Does subgroup have element that's conjugate don't have?

Question

I'm trying to prove that

there is Group G and subgroup of G, which name is H.

$a \in G $

if H is not normal subgroup of G,

$$H - \bigcup_{H \neq aHa^{-1}} aHa^{-1}$$ has at least one element.

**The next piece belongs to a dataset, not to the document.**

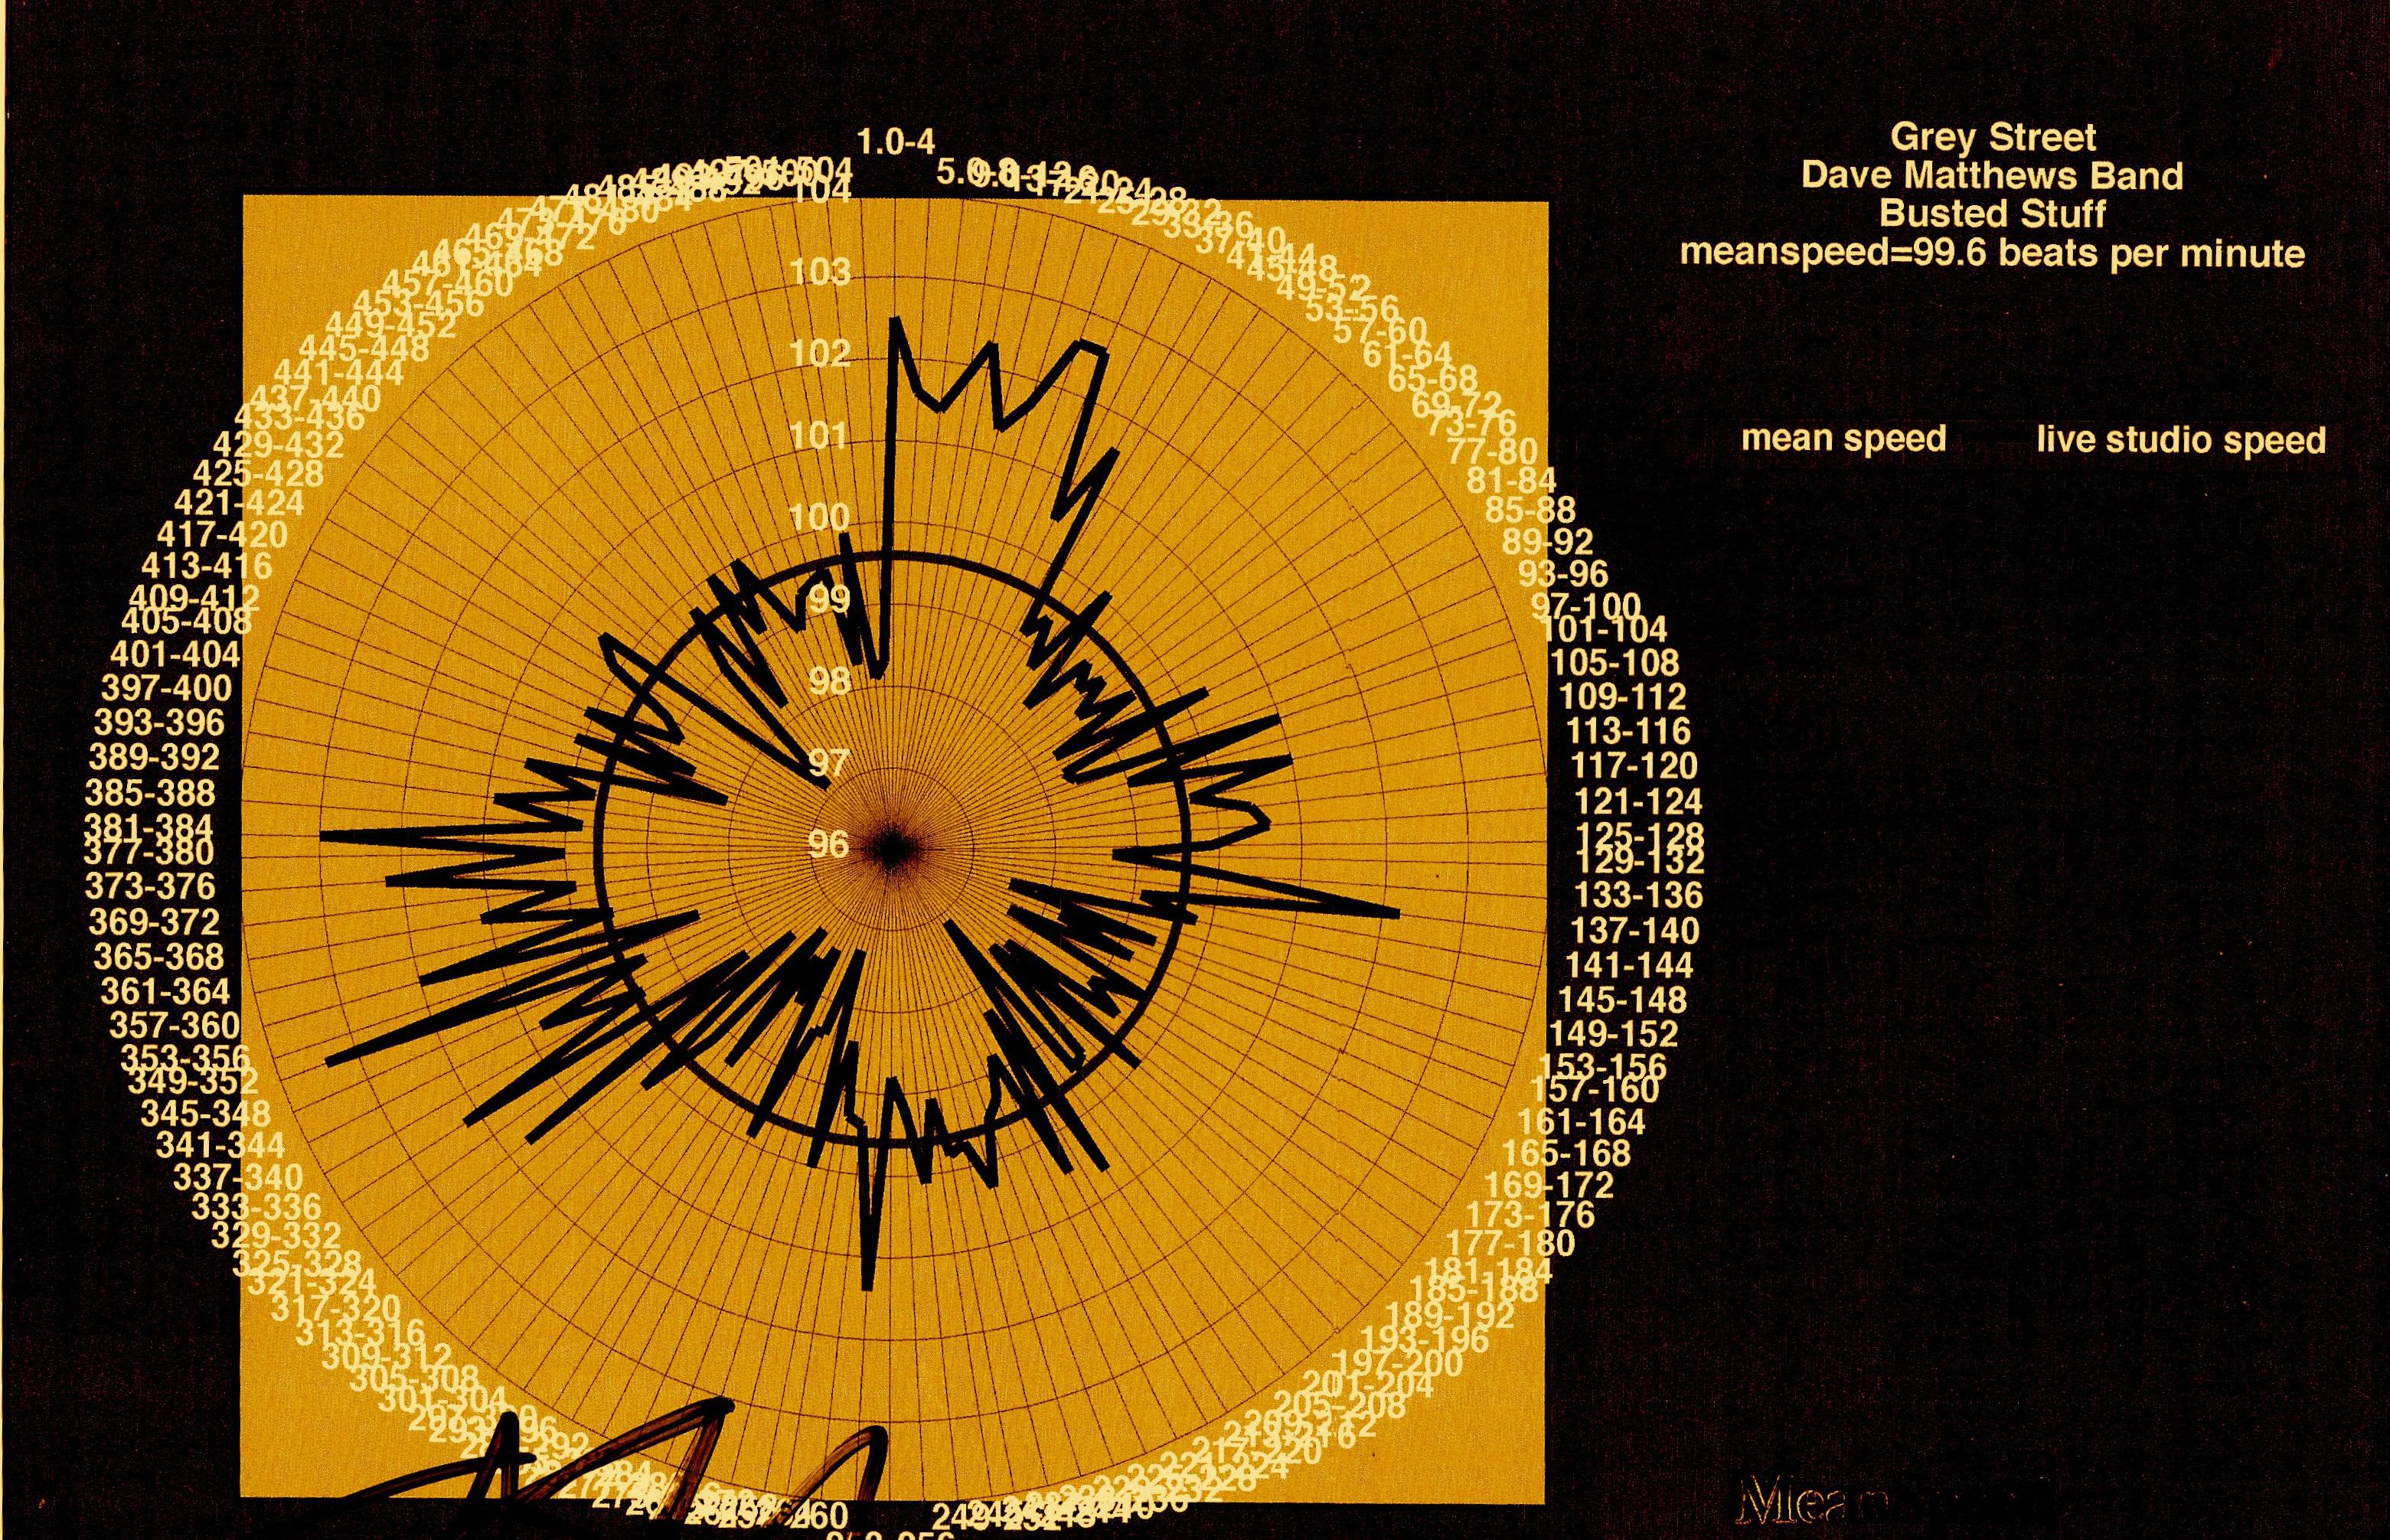 Grey-Street-Dave-Matthews-Band-modern-tempo-map

but I can't prove this is true or not

how can I prove it?

for example

G = S_4

H = <(1 2),(3 4)>

then H = 1234 -> 1234, 2134, 1243, 2143

if a = (1 2)

$ aHa^{-1} = 1234, 2134, 1243, 2143 = H $

if a = (2 3)

$ aHa^{-1} = 1234, 2314, 1423, 2413 \neq H $

because 1234 is on H but 2314, 1423 and 2413 is not on H

Answer 1

This is not true in general. It is false for the subgroup $\langle (1,2)(3,4),(3,4)(5,6) \rangle$ of $S_8$ (which has order 4), for example, but there may be smaller examples.

Answer 2

Your statement is true if $H$ is a Frobenius complement of $G$. This means that $H \cap H^g=1$ for all $g \in G-H$. To this end, observe that $H \subseteq \bigcup_{g \notin N_G(H)}H^g$ is equivalent to $H \subseteq \bigcup_{g \notin N_G(H)}(H \cap H^g)$.